My husband and I are looking to buy our first home. He is 39 and I am 37. We live in a major city and house prices are terrible. We are probably looking at a 500K-600K home. We were late bloomers, so to speak, so took a while to graduate and actually make steady income. We now both have good jobs (combined salary of $150K) with pending raises (maybe 15K total) and good prospects for the future. We also have 200K in student loan debt (which will be erased by the government--theoretically--in 8-9 years due to the type/field of loan) and about 45K in credit card debt (I know, but we are paying it off at approximately 2K/month)

Our assets are:

  • $8000 in savings (we can start bumping this up if we invest in it rather than paying down credit cards, but not by much)
  • Spouse 1 401K of $5000
  • Spouse 2 401K of $8000
  • Spouse 2 IRA of $28000

The only way we can get a house right now is to cash in most or all of these accounts to put down a down payment, which would also slow down our credit card payments. Part of me thinks that these accounts are pretty meager and it's a better investment than throwing money away on rent each month. Part of me says I should suck it up and get a cheaper house outside of the city rather than repeat the mistakes of my youth, but I don't know how that will affect resale value.

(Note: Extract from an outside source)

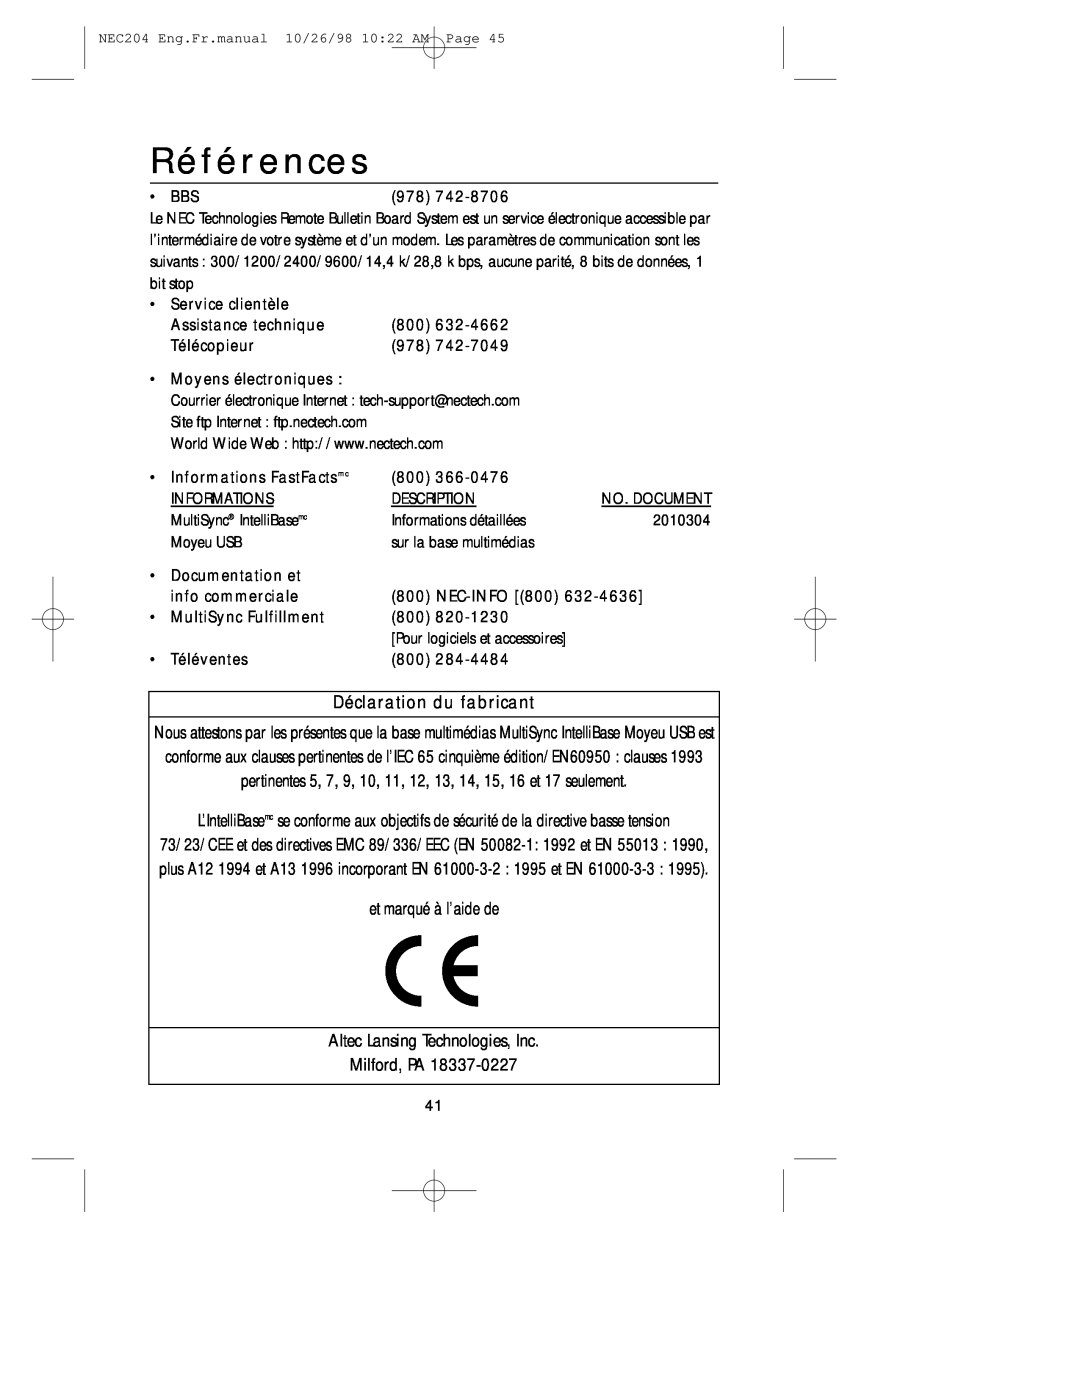 NEC A3844, IB-USB user manual Références, Déclaration du fabricant

We also are eager to start a family, and we're not getting any younger. Our apartment is way too small for just the two of us, much less a child. We'd have to move before we had a child and we'd like to live in our own house when we do.

EDITED to add: When I say house, I mean condo. I see that makes a difference based on some of the (great) answers. And yes, a cheaper condo makes a car a necessity, which we have gotten by without so far.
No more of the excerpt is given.